Post-Earnings Overview of Cabot Oil & Gas’s 3Q15 Earnings
(Continued from Prior Part)
Cabot Oil and Gas’s segment-wise operational updates
Cabot Oil & Gas (COG) primarily operates in the Marcellus and Eagle Ford shales. In this part, we’ll be looking at operational highlights in these two segments.
Marcellus operations
It was reiterated on the 3Q15 earnings call that the company continues to curtail production in the Marcellus shale due to weak prices throughout Appalachia.
The image above, from an investor presentation released on September 8, notes the flattening production in the Marcellus shale, and also the falling rig counts.
Cabot Oil & Gas is presently operating three rigs in the Marcellus shale but plans to lower it to two rigs by the end of 2015. The company hopes to accelerate activity in 3Q16, anticipating its Constitution and Atlantic Sunrise pipelines coming into service.
The company is yet to receive necessary permits and approvals for both the Constitution and Atlantic Sunrise pipelines.
Cabot Oil & Gas has equity investments of $150 million in both these projects, with $100 million allocated to Constitution and $50 million allocated to Atlantic Sunrise. The company highlighted that depending on the timing of construction, that figure could change. The current figure assumes an in-service date of 4Q16 for the Constitution pipeline and 3Q17 for the Atlantic Sunrise pipeline.
On the earnings call, the company highlighted two takeaway projects coming online in 4Q15, that could benefit its Marcellus production. One of them will be operational in November, and the second one will be operational in December. The company said, “Our new capacity and long-term sales on these projects will allow Cabot to accelerate production sequentially in the fourth quarter at better price realizations than we are expecting in the local market today.”
Other companies with significant operations in the Marcellus shale include Chesapeake Energy (CHK) and Range Resources (RRC).
Eagle Ford operations
In the Eagle Ford shale, Cabot Oil & Gas highlighted an 8% sequential fall in liquid volumes, saying that it had reduced activity in this region due to lower crude oil prices.

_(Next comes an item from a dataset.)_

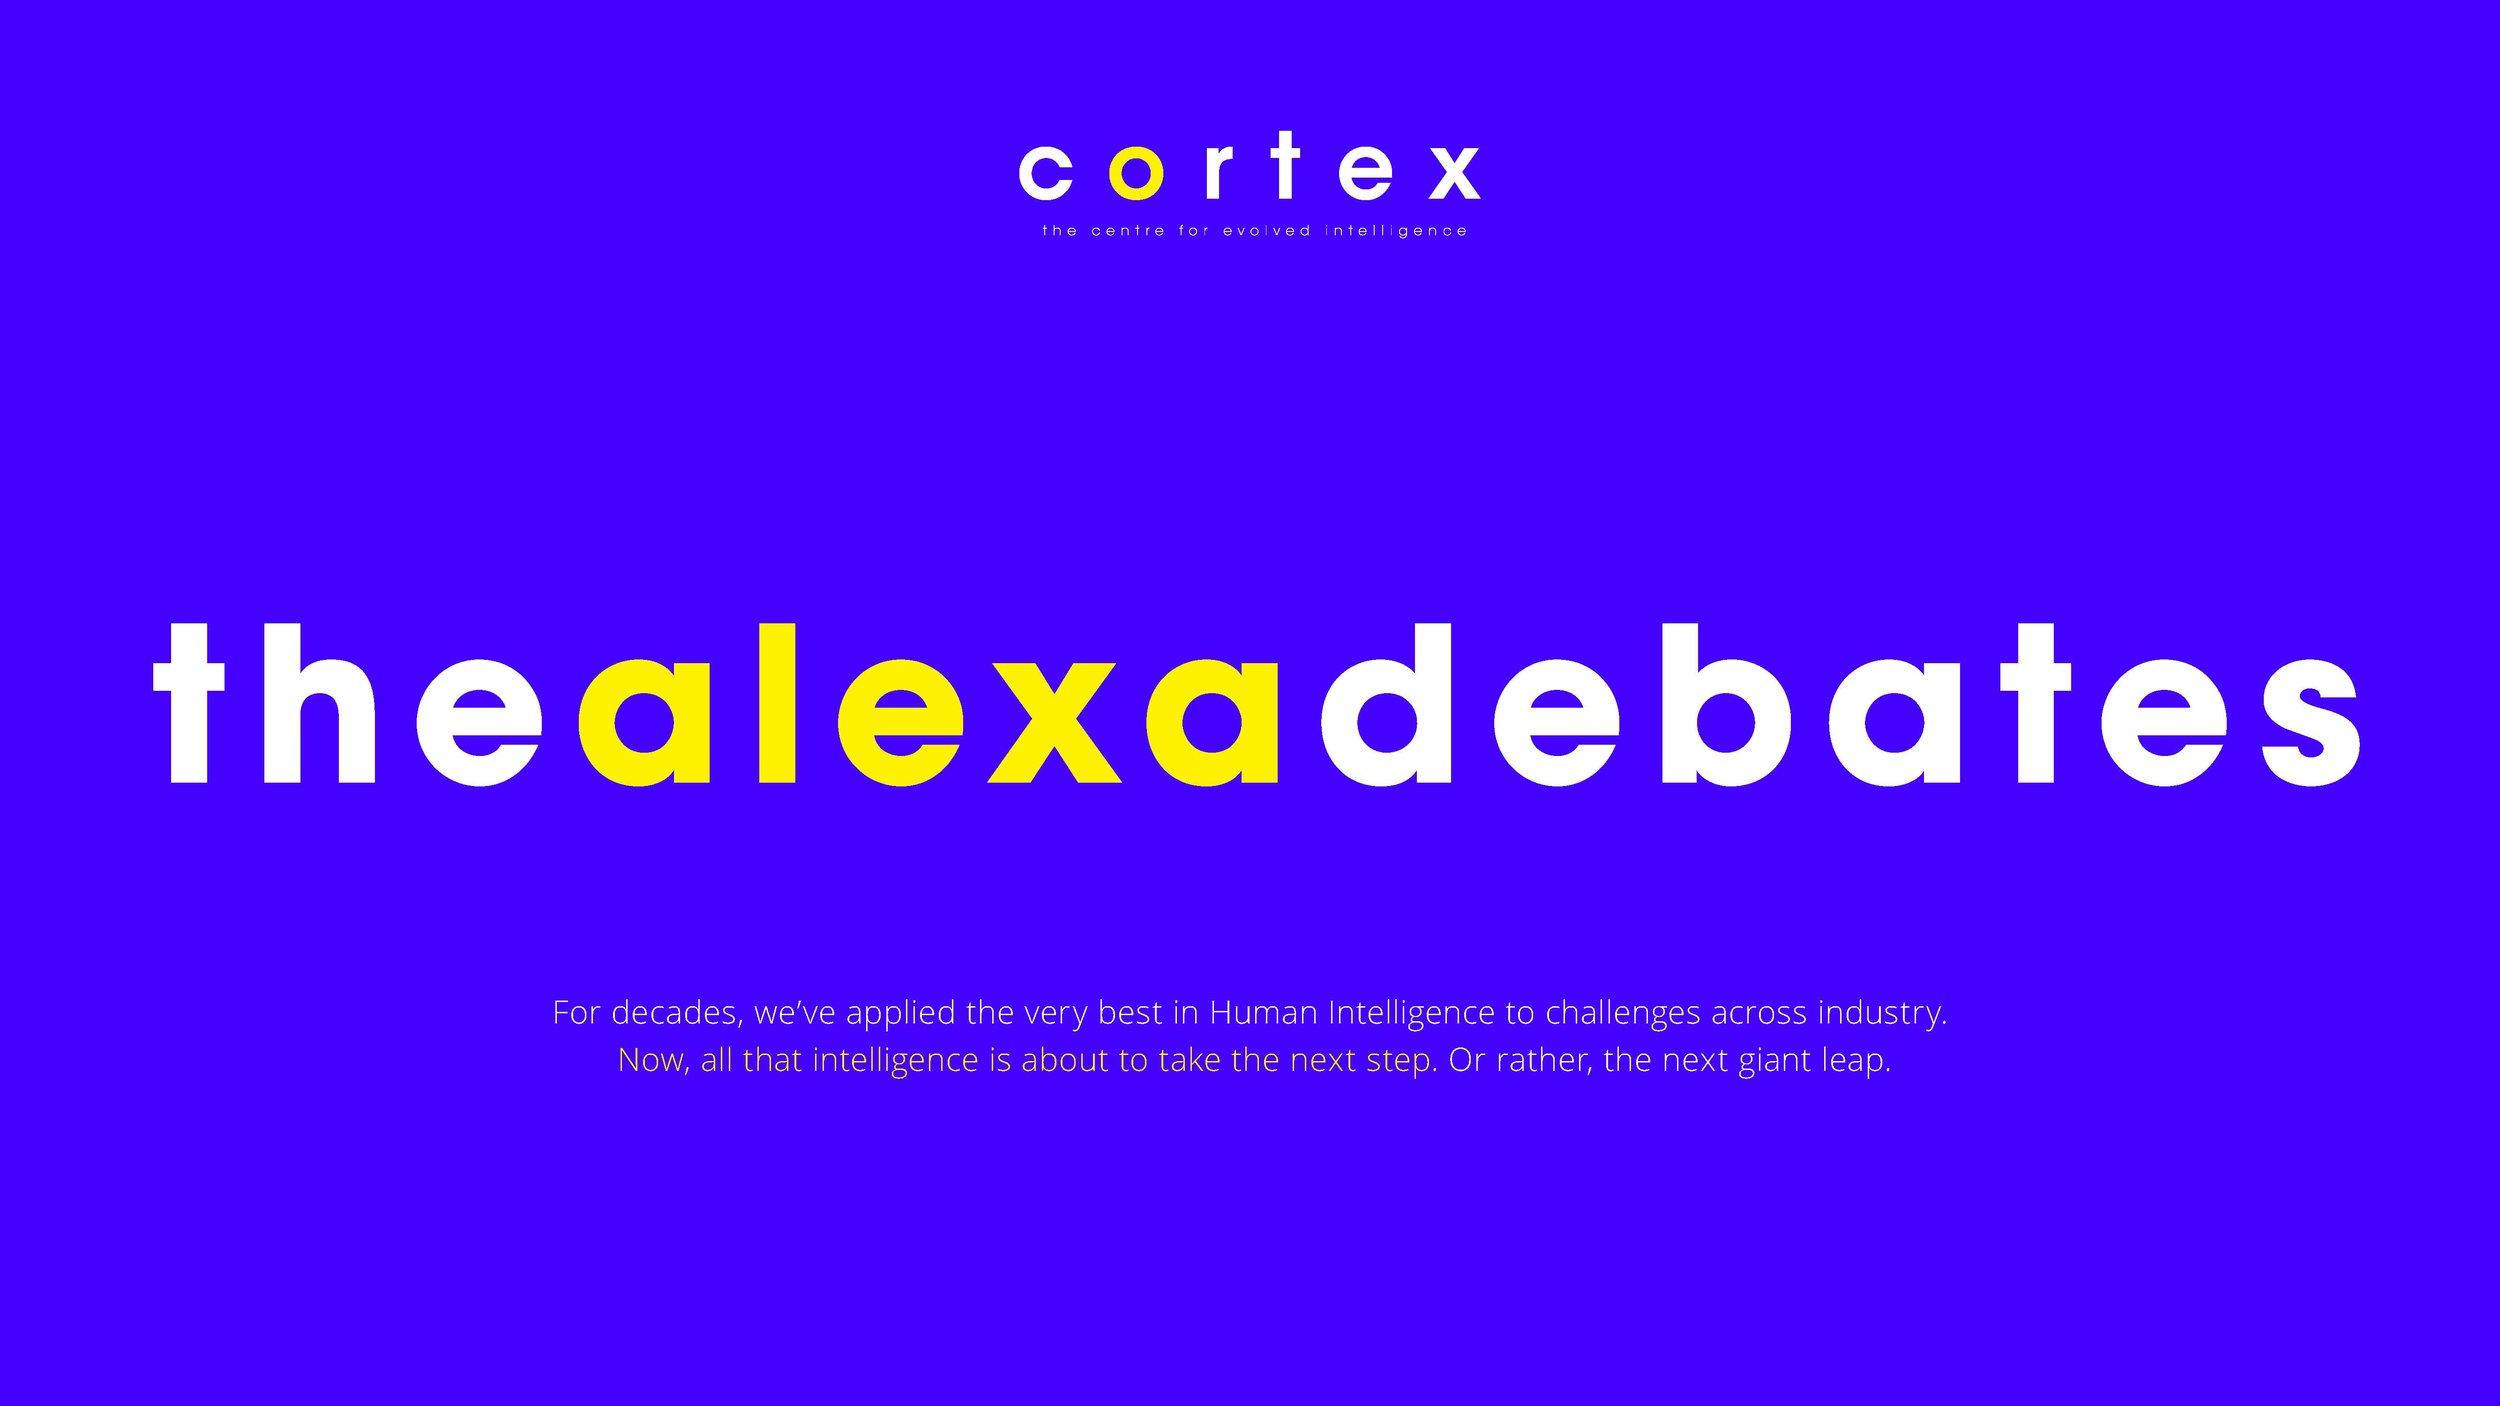 Cortex_Page_3.jpg

The company expects volumes to fall in the fourth quarter as well.
The company is currently operating one rig in Eagle Ford and plans to drop that rig by 2Q16, that is, when the rig contract expires, unless crude oil prices improve in the first half of 2016. The company said on the earnings call, “Based on this level of activity in 2016, we should be able to maintain all of our leasehold, while averaging full-year liquids production volumes that are flat to our fourth quarter liquid volumes this year.”
Companies with significant operations in Eagle Ford include ConocoPhillips (COP). Together, ConocoPhillips, Cabot Oil & Gas, Chesapeake Energy, and Range Resources make up ~6.2% of the Energy Select Sector SPDR ETF (XLE).